I love chis with floppy ears


----------



## JoJos_Mom (Dec 24, 2005)

At 6.5 months, my JoJo's ears remain floppy. On some days they'll be *extra perky*, and others, they'll flop more than ever! And sometimes, one ear will stand completely upright while the other is floppy-- AND it's not always the same ear!! In other words, not only is JoJo the president of the Floppy Ear Club-- he's also a client!! LOL!


----------



## Ms_P (Apr 25, 2004)

Taping ears doesn't hurt them, it might be a little annoying to them for a while, but no worse than getting use to having a collar on.

How to Tape Floppy Ears

This is a breeder's trick to train Chi and Yorkie ears to stay up. (This is for puppy ears only.

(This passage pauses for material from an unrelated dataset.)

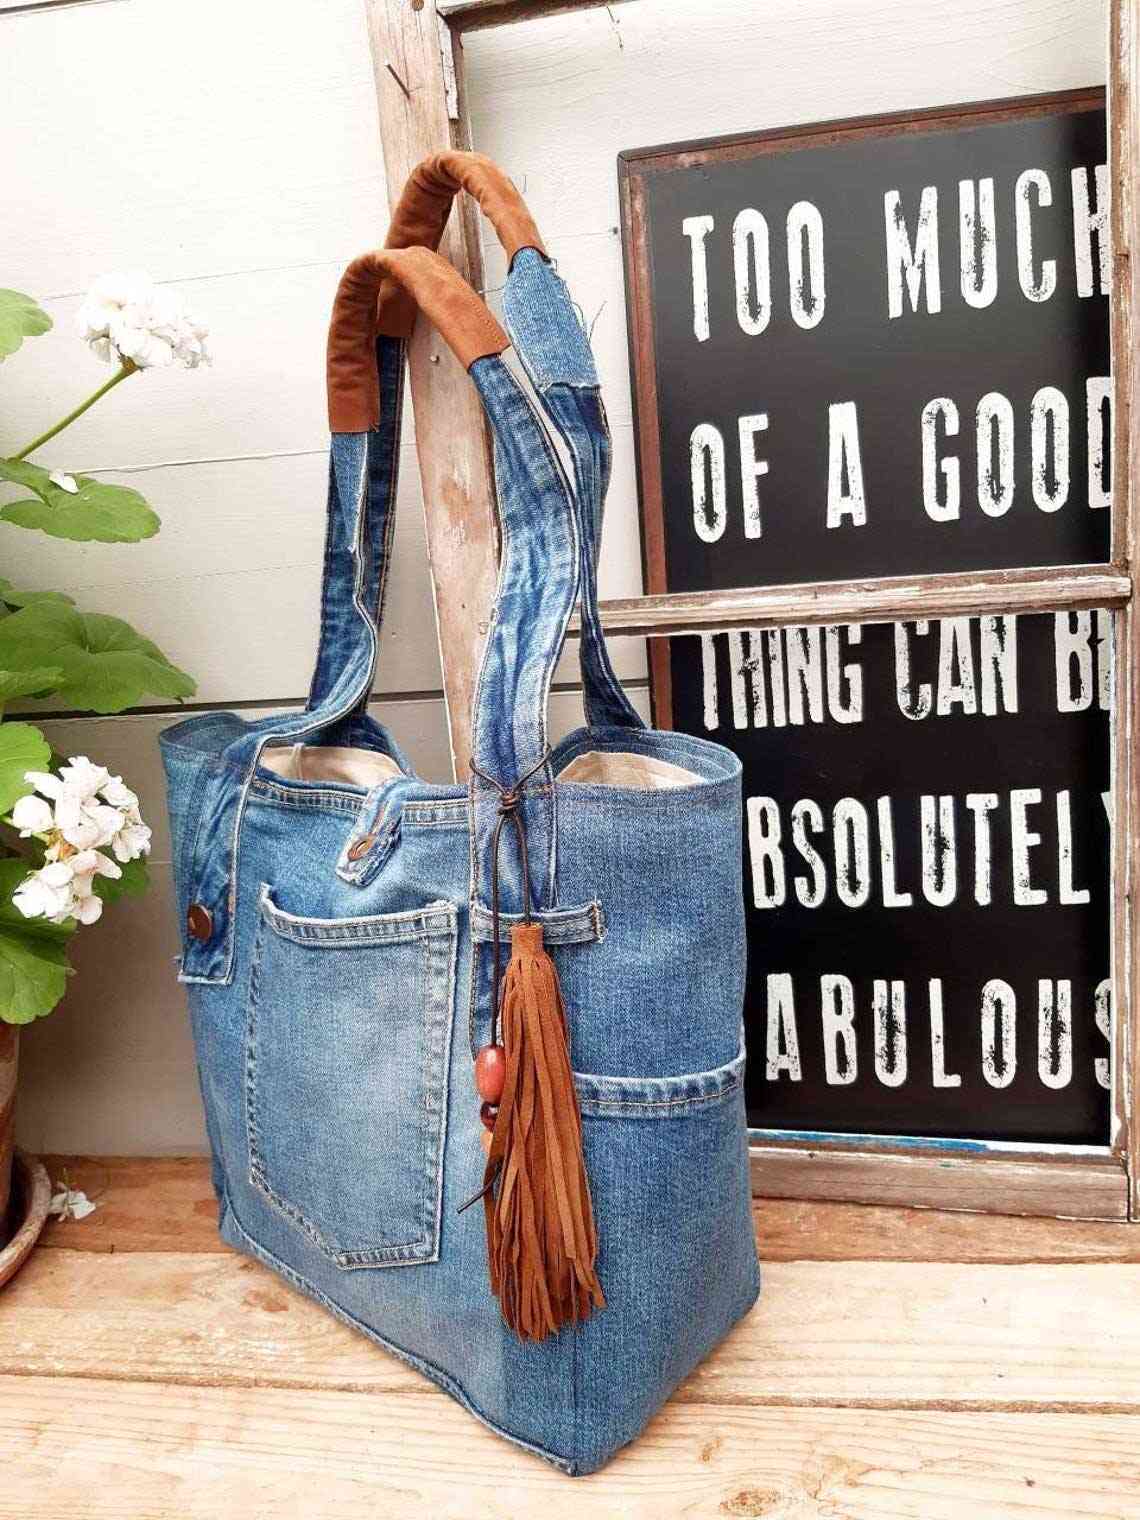 Cool denim bag made of old jeans

Adult ears that flop will not benefit from this.)

Tear off a strip of masking tape about 6" long. Fold the edge of the tape over on itself at an angle. Continue folding the tape over on itself so that you create a triangle of tape. 

Tear another piece of tape about 3-4" long, depending on the size of your dog's ear. You can also use vet wrap for this.

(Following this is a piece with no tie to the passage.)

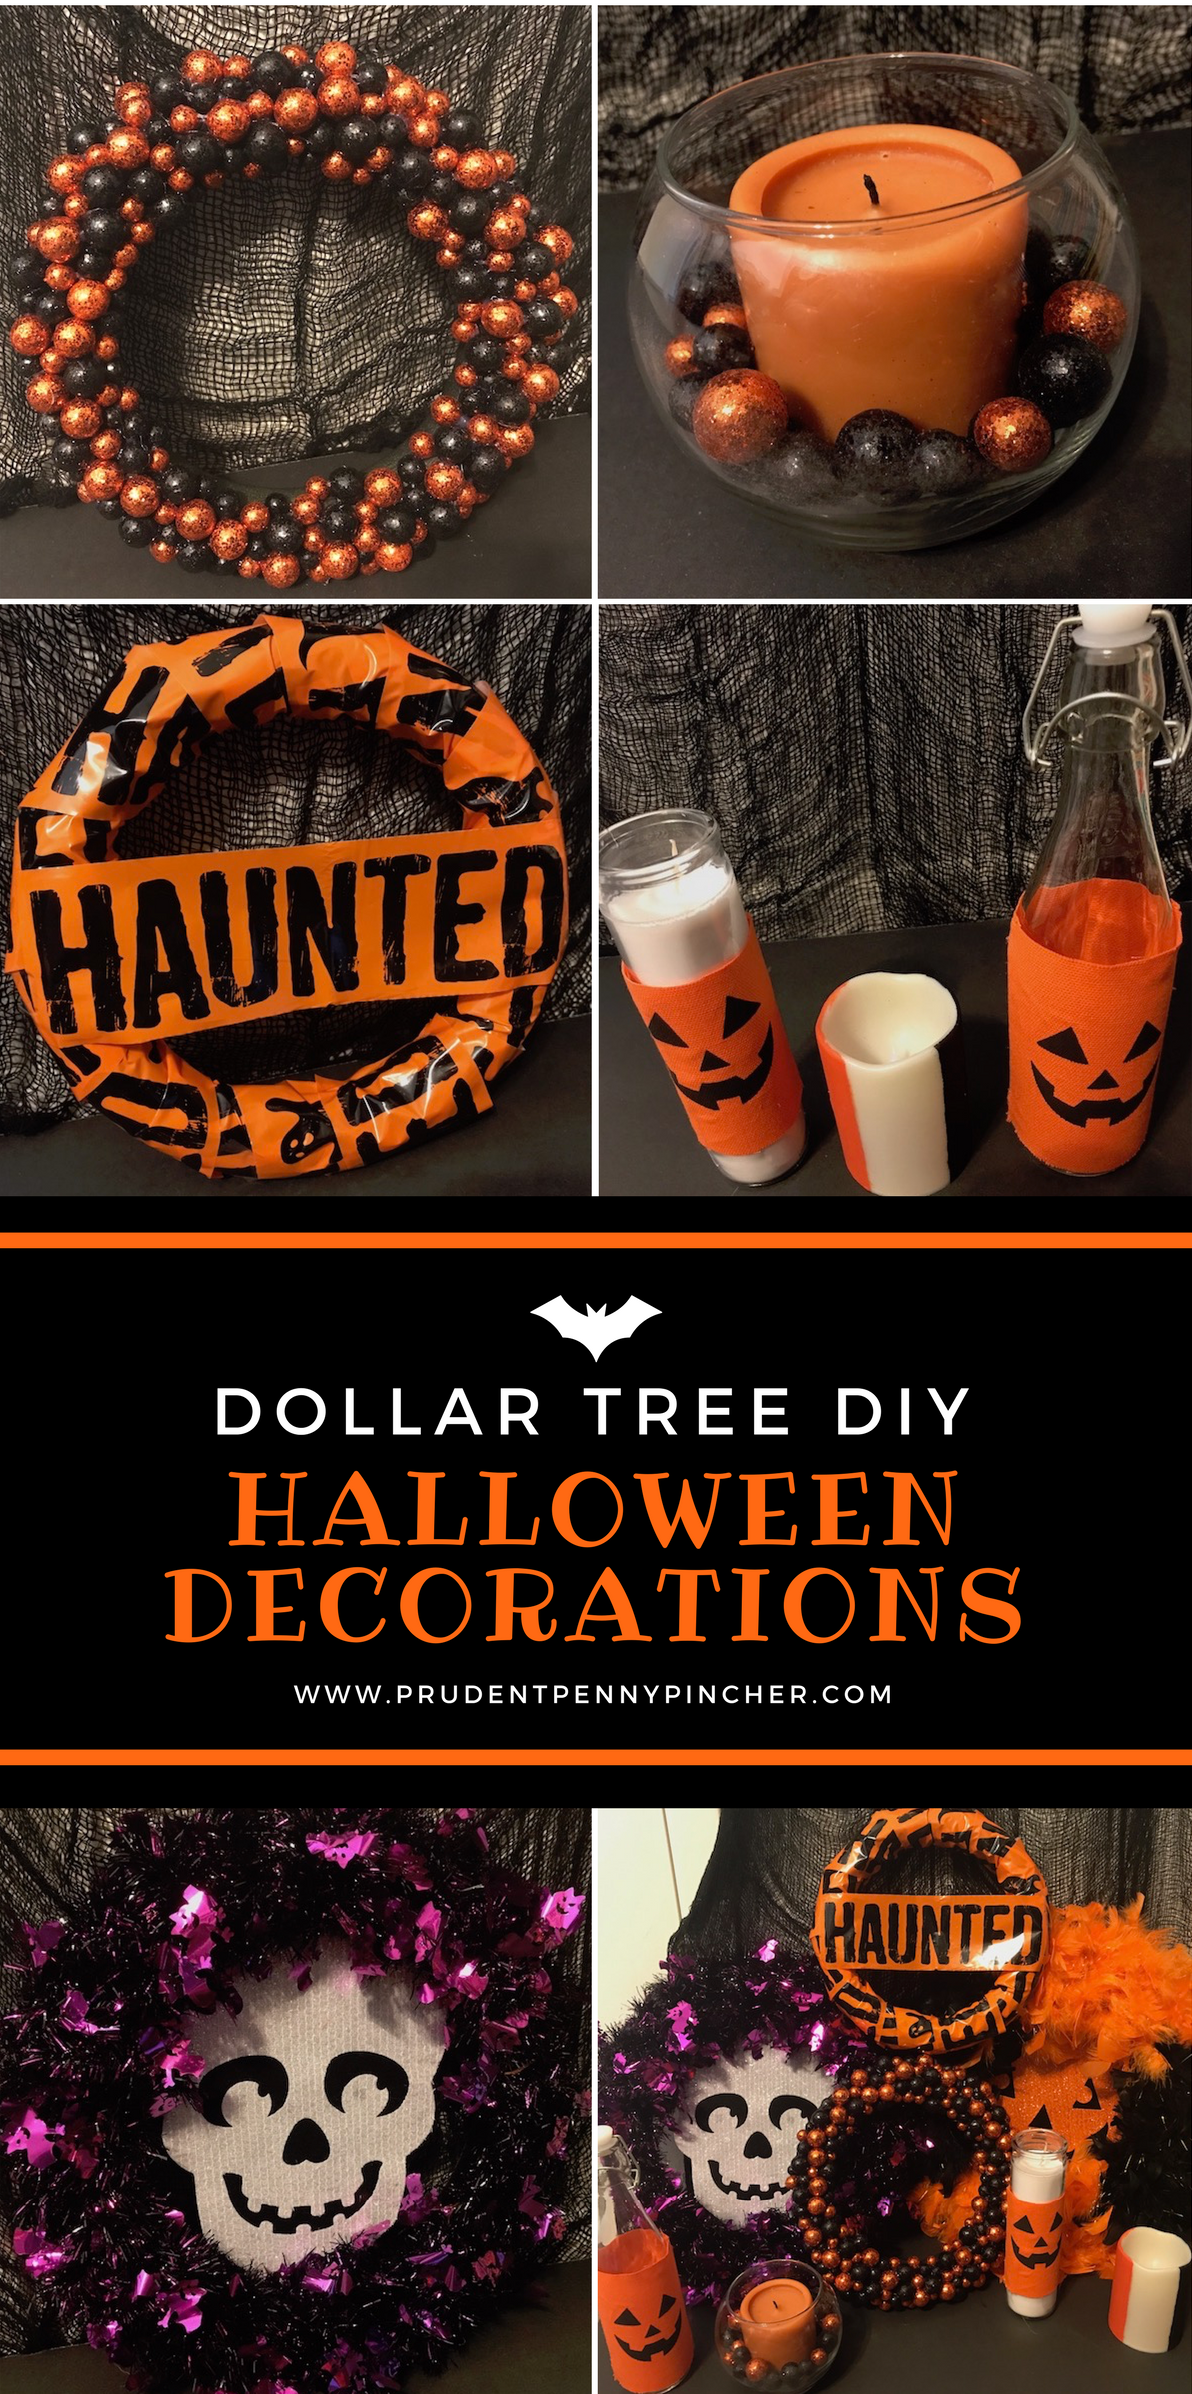 Dollar Tree Halloween Decorations Prudent Penny Pincher

Place the triangle on the inside of the dog's ear with the one point of the triangle pointing up, matching the point of the ear. Make sure it doesn't go into the ear canal. Place it low enough, however, so the top of the ear will not be top heavy. Take the other tape strip and wrap it around the ear, attaching the first end of the strip to the tape triangle. Once again, wrap low enough that the ear is not top heavy. The tape should almost be sitting on the top of the head.

Leave the tape in place for one week. Then unwrap the ear (mineral oil or vaseline will help the tape come loose easier). Check the ear. If it's standing up, the tape has done it's job. If not, tape the ear once again using all new tape and wait another week. Usually ears will be standing by this time, although a few stubborn ears can take 3 weeks.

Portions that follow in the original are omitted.